The competition between the two Jewish communities has led them to rival each other in cantors and the Jews of Antwerp have recently had the pleasure of listening to some of the finest cantors in Europe who have been seeking to obtain appointments in the Antwerp synagogues. By a strange coincidence both communities finally selected cantors from Odessa-Cantor Rabinovitch being appointed to the Shomreh Hadass and Cantor Barski to the Machziki Hadass.
There are conflicts, of course, also in Brussels, but in Brussels Jewish life is still primitive in form, like in a small town, and the conflict, too, is not as organized and developed as it is in Antwerp.
But the main point is that Belgian Jewry is divided among itself and even on a question like organizing a protest demonstration against the persecution of the Jews in Roumania, it is impossible to bring about unity between them. There are many Transylvanian Jews living in Belgium and they felt the position very keenly, especially when many of them had received alarming reports about their own relatives. It had indeed been arranged that a meeting of all parties should be held in Antwerp, but at the last moment dissensions arose and the demonstration was abandoned. In Brussels a meeting was held, but differences arose during the meeting and it broke up in disorder.
The Jewish students who are numerous in the university cities of Liege and Ghent did organize in their cities protest meetings in which the Belgian Students’ Organizations took part. These Jewish students, numbering about 2,000, who have come from Poland, Russia, Lithuania and Palestine, are for the most part living in poverty, neglected by the Jewish public and very often they have not enough to live on. Many of them go out to work at night in the coal mines or the factories in order to be able to carry on during the day with their studies.

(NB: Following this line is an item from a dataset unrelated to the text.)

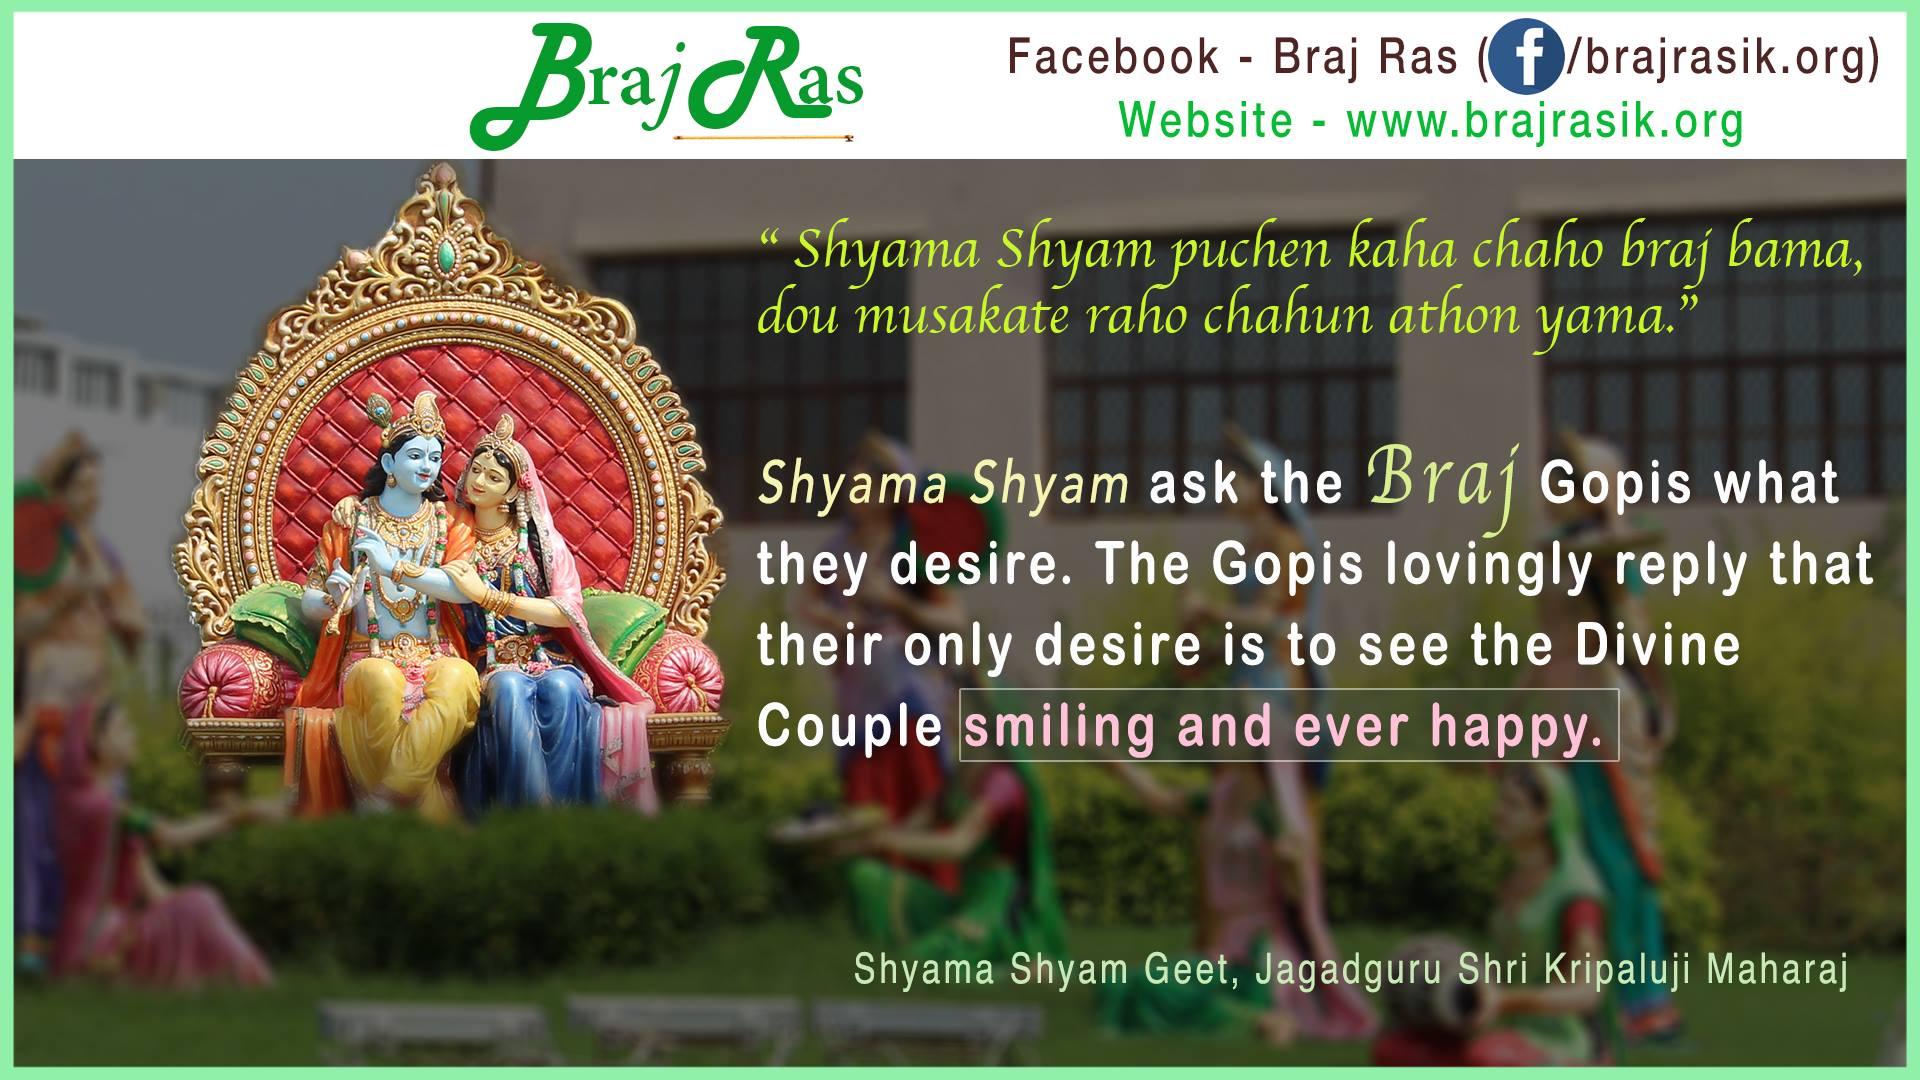 """""""Shyama Shyam puchen kaha chaho braj bama, dou musakate raho chahun athon yama"""" - Jagadguru Shri Kripaluji Maharaj"""
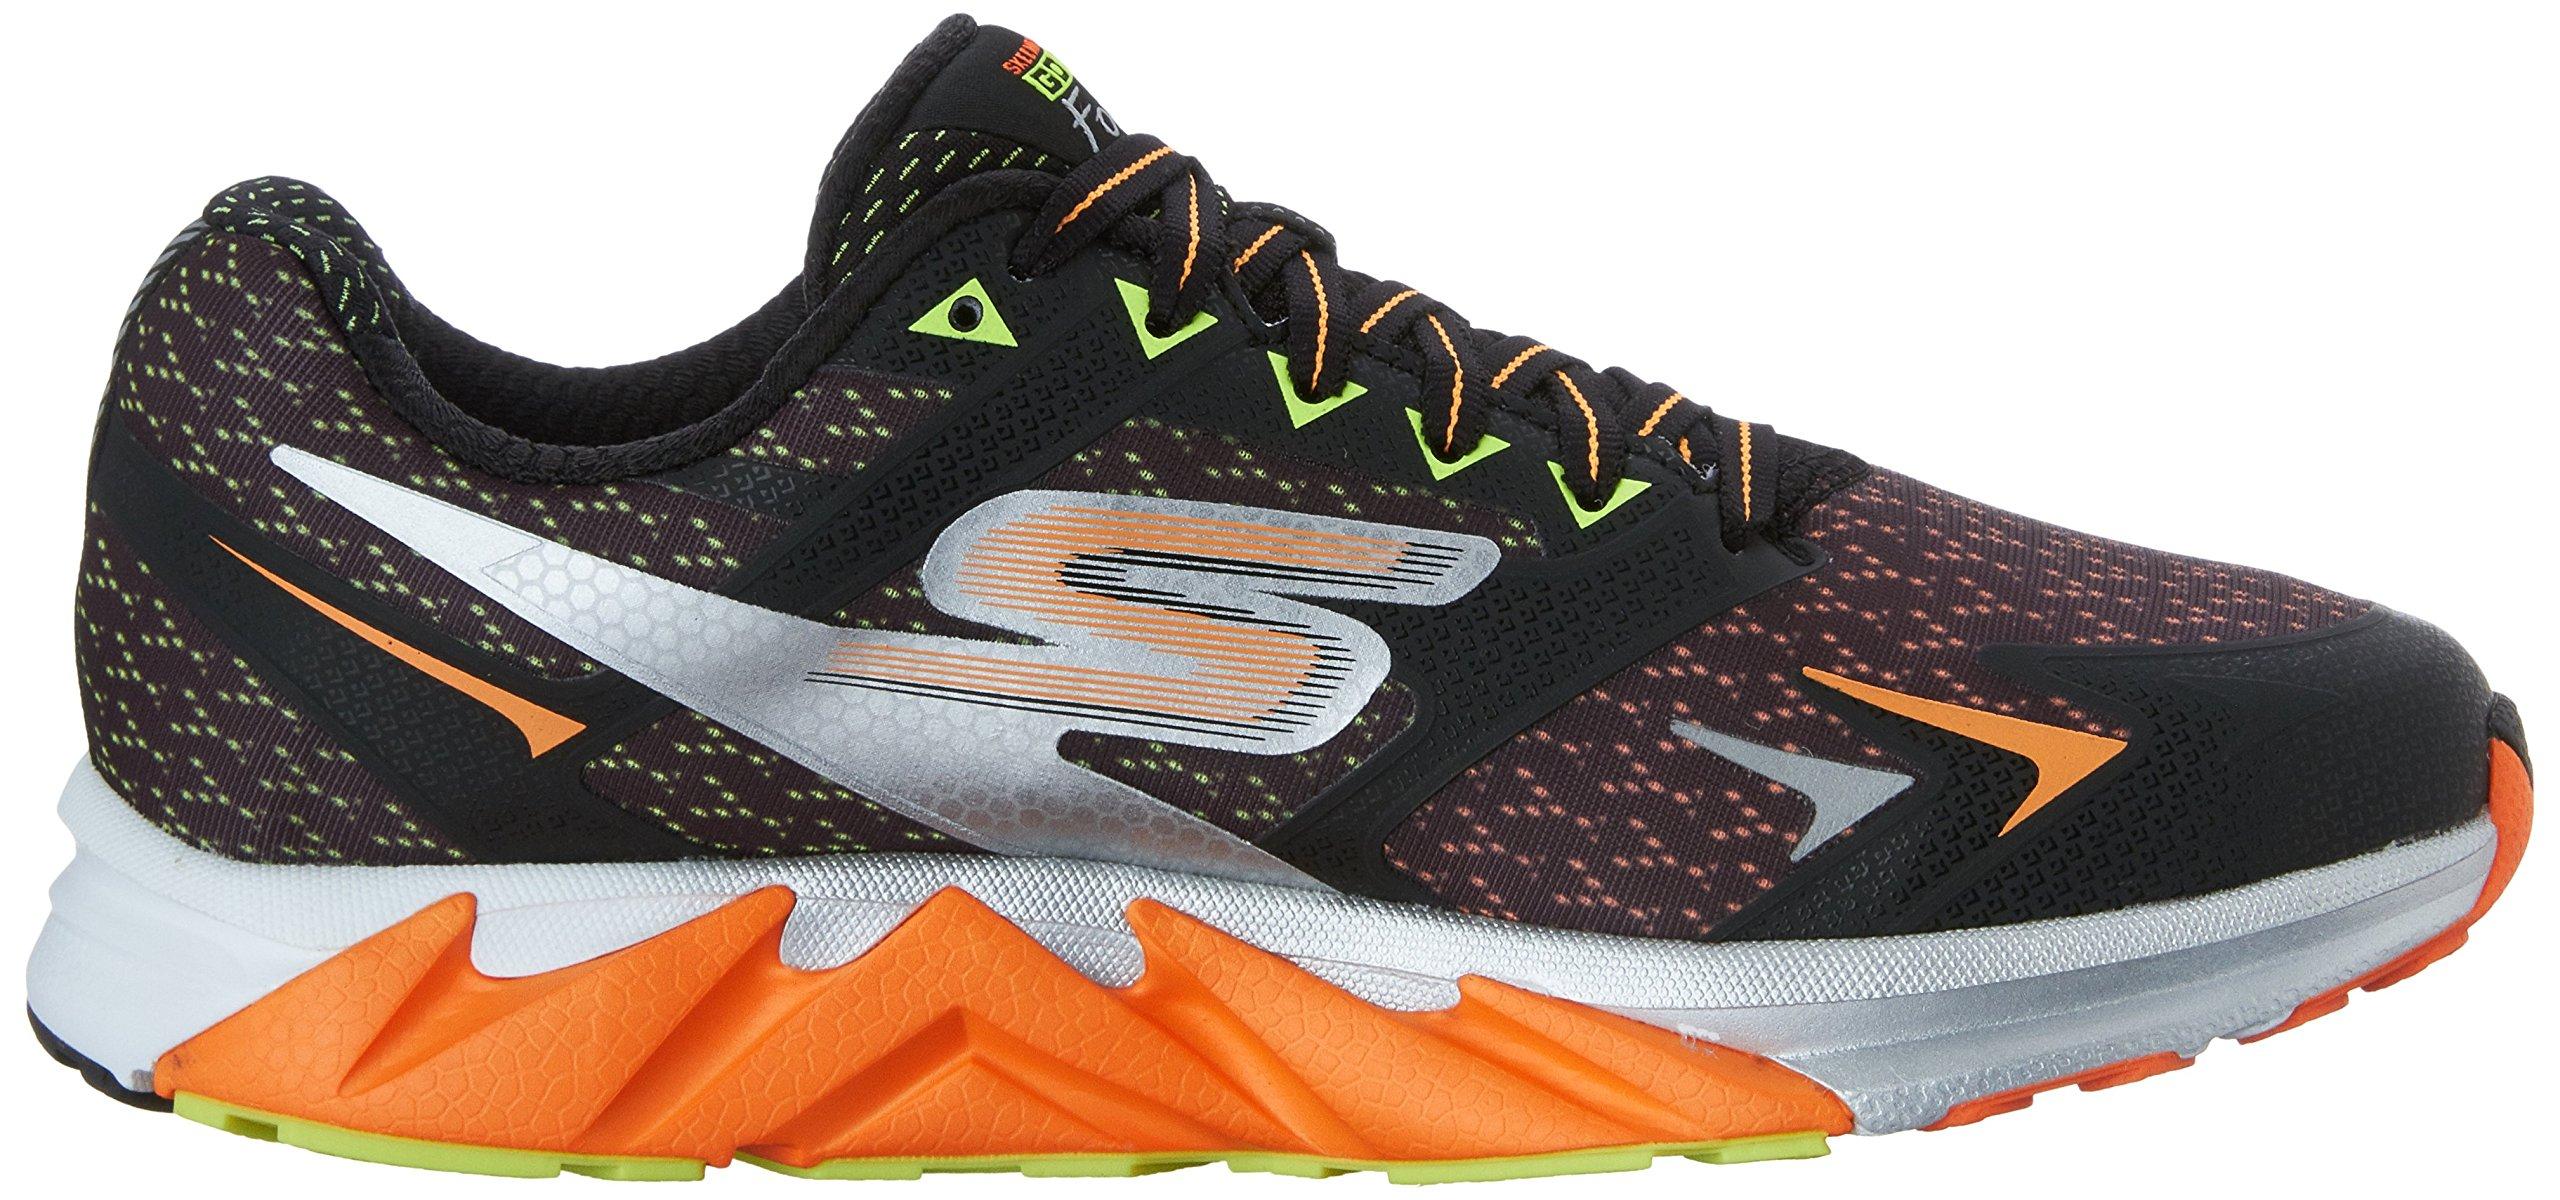 812XZp4SIWL - Skechers Men's Go Forza Running Shoes

The result is that they cannot apply themselves to their studies with sufficient intensity, and often it takes them ten or twelve years before they can obtain their diploma.
Two new organizations have recently been established, both of which suggest the permanency of Jewish life in Belgium now. There is the Society for the History of the Jews in Belgium, whose work is sufficiently indicated in its name, and there is the Jewish Music Society which has its own orchestra and has arranged concerts in which some of the greatest Jewish virtuosos like Heifetz, Mischa Elman, Bronislav Huberman, and others have appeared. They both indicate the trend of Jewish life in Belgium. It is becoming firm, rooted in and has time to think of compiling historic records and organizing good music.